## RECORDS
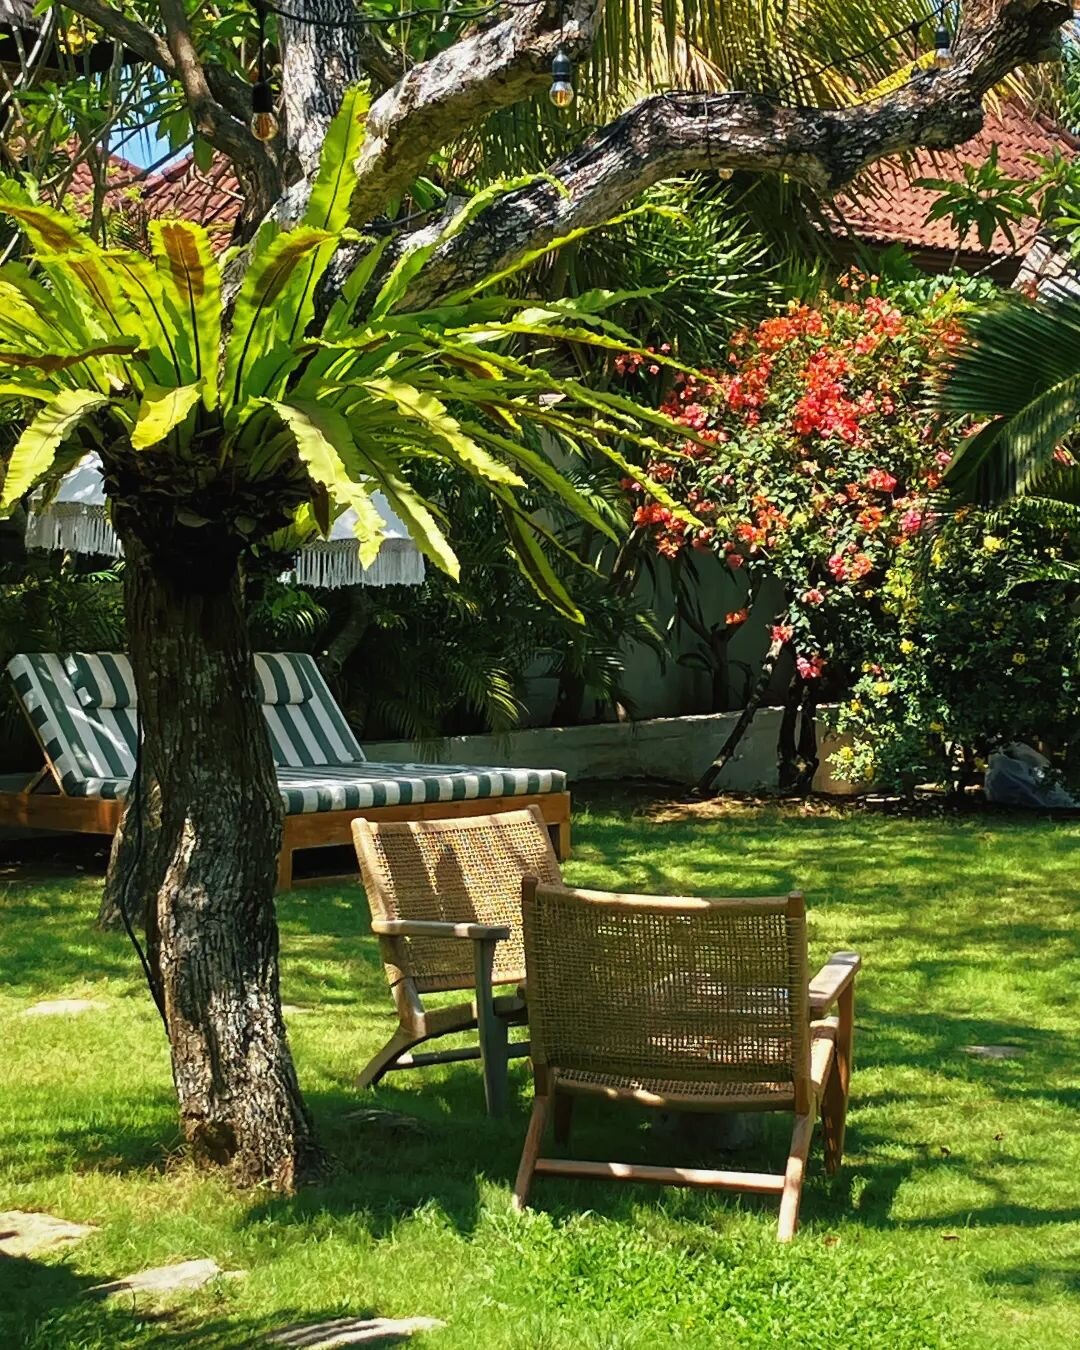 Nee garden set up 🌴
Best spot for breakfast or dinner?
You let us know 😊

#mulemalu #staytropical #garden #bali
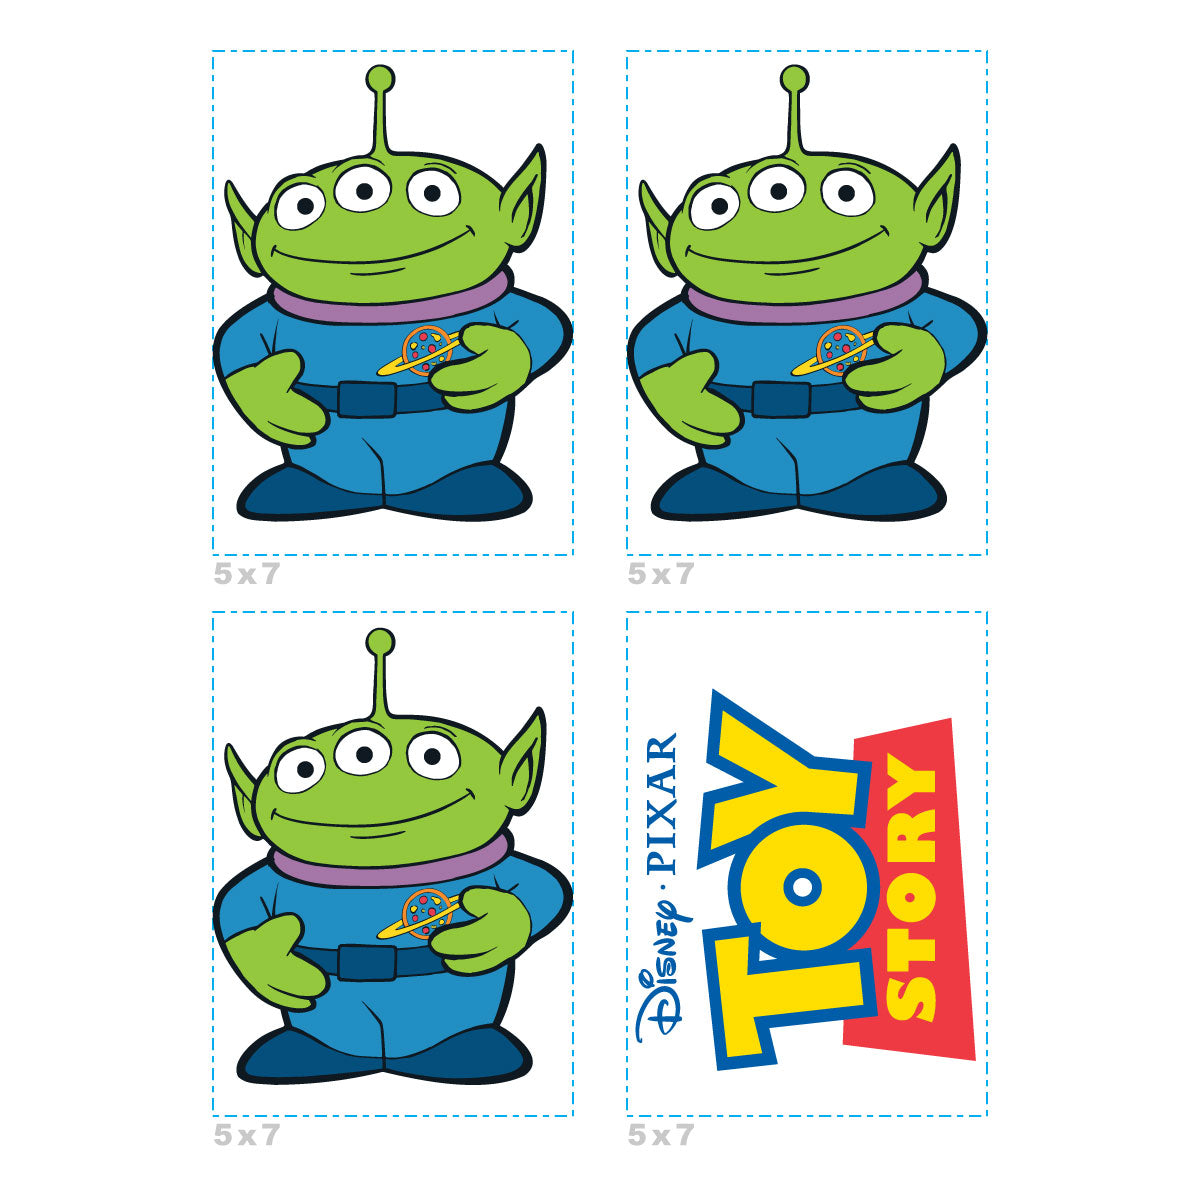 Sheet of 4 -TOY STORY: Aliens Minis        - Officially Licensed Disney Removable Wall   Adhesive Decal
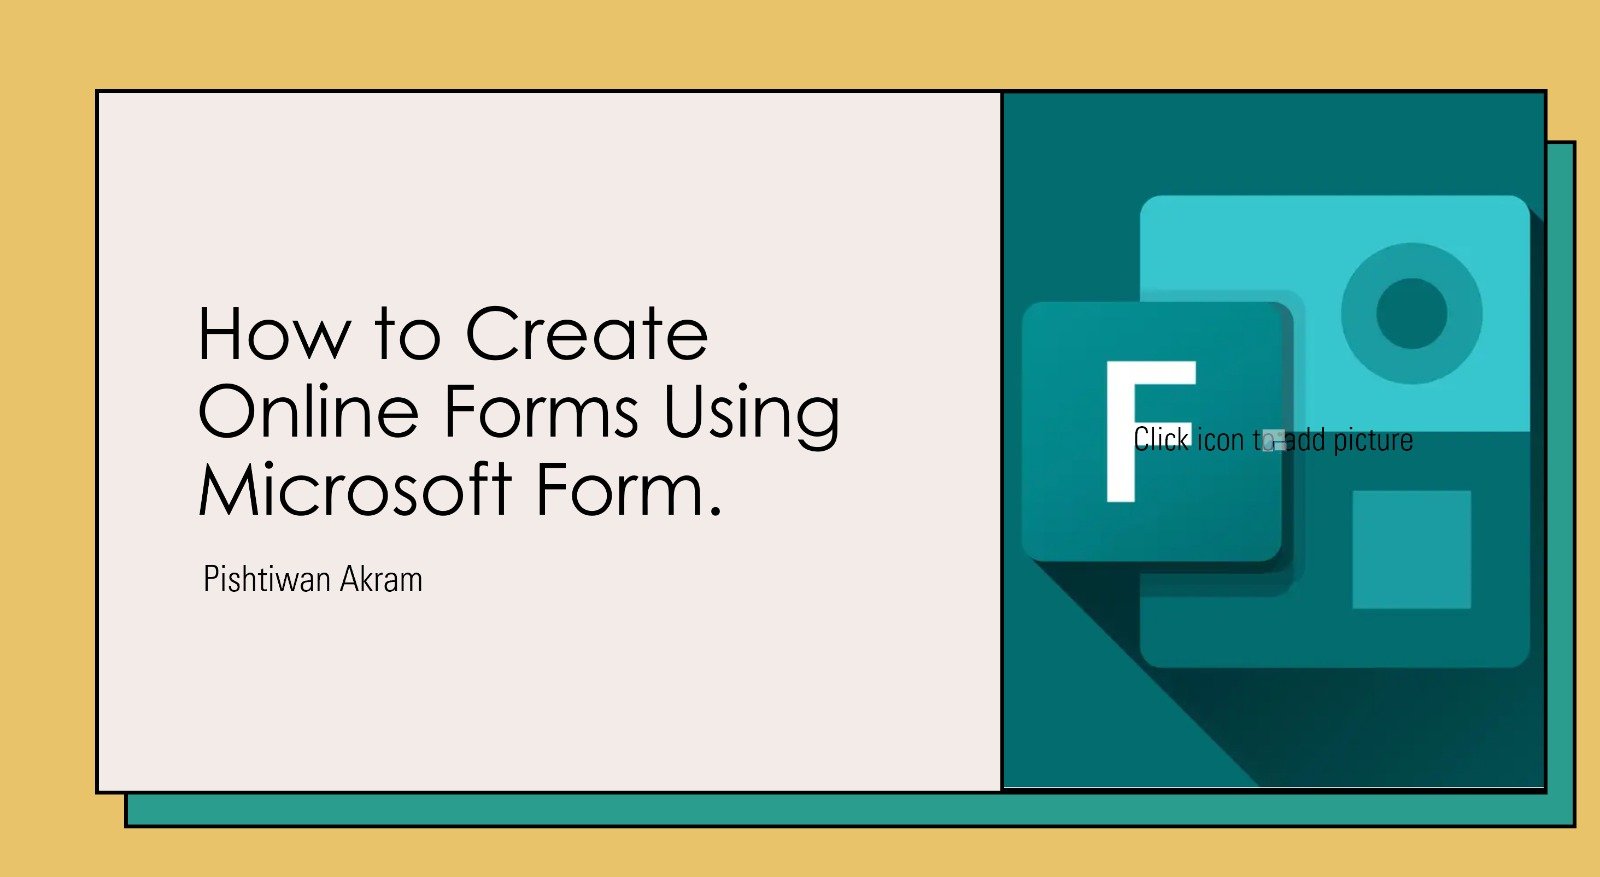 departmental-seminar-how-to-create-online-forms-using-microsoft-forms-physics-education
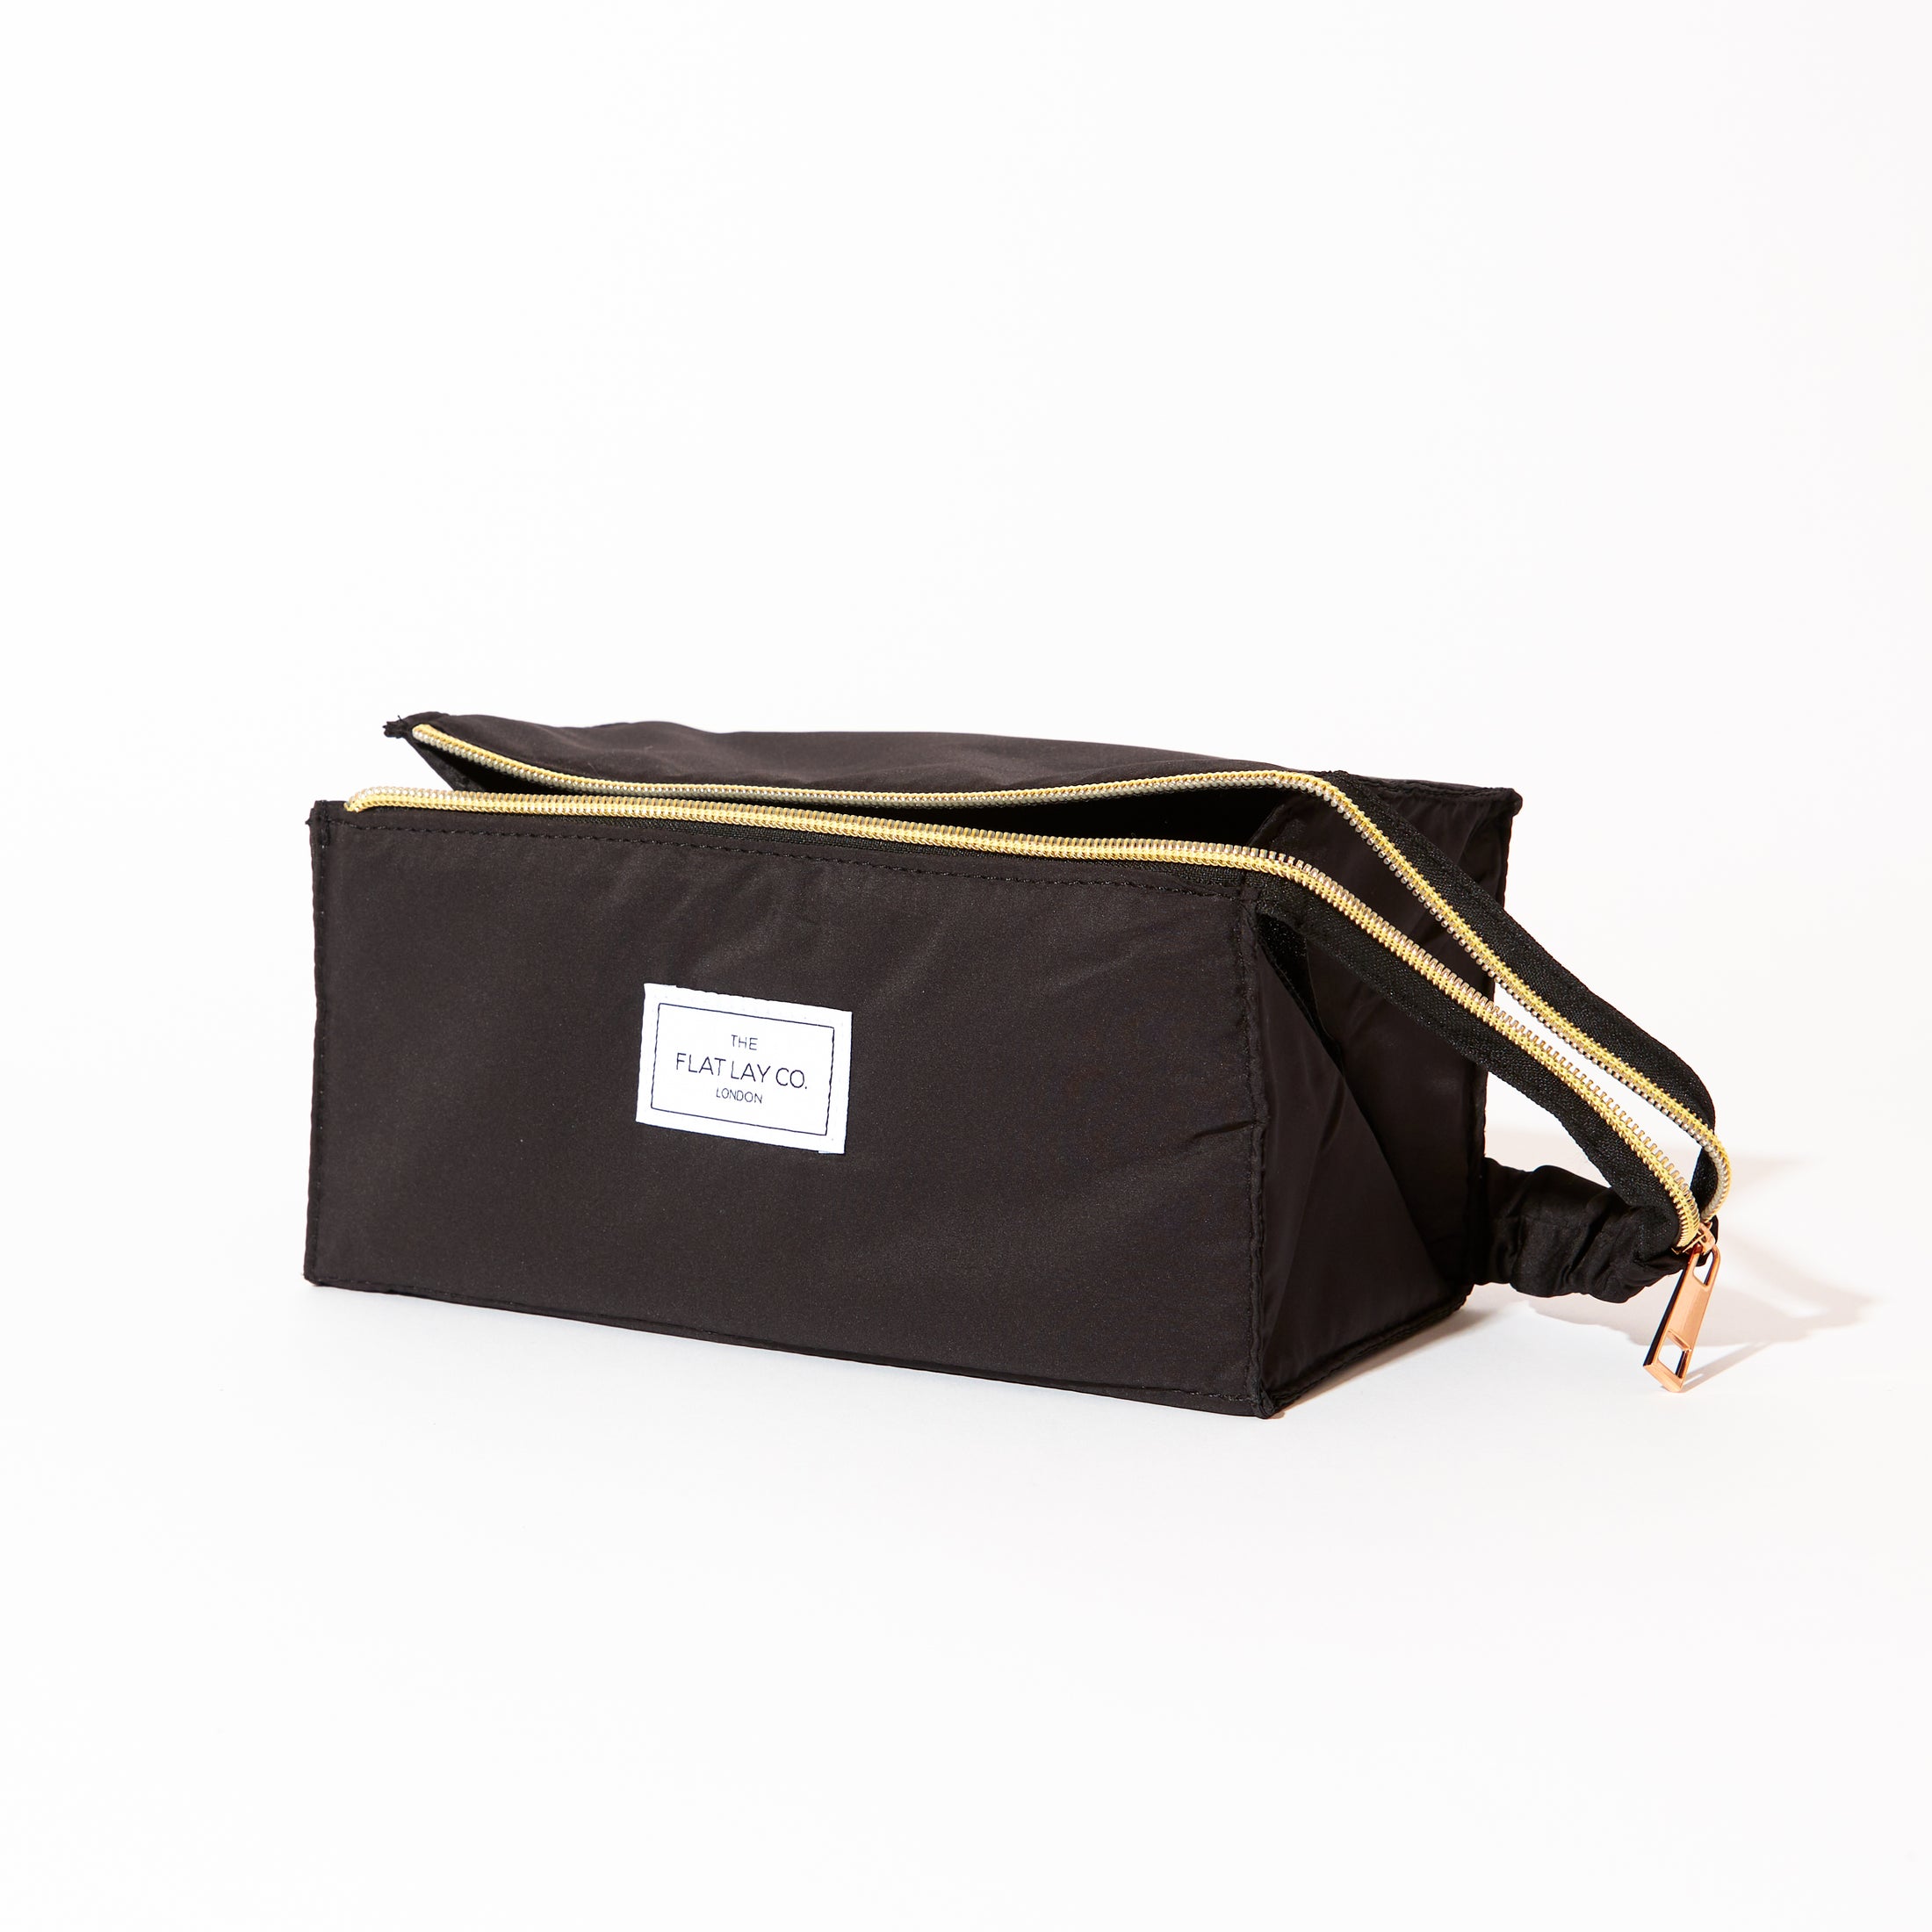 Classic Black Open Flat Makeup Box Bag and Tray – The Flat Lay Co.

## PROBLEM STATEMENT
Give the records again exactly, minus the pictures.

## SOLVED PROBLEM
 Nee garden set up 🌴
Best spot for breakfast or dinner?
You let us know 😊

#mulemalu #staytropical #garden #bali
 Sheet of 4 -TOY STORY: Aliens Minis        - Officially Licensed Disney Removable Wall   Adhesive Decal
 departmental-seminar-how-to-create-online-forms-using-microsoft-forms-physics-education
 Classic Black Open Flat Makeup Box Bag and Tray – The Flat Lay Co.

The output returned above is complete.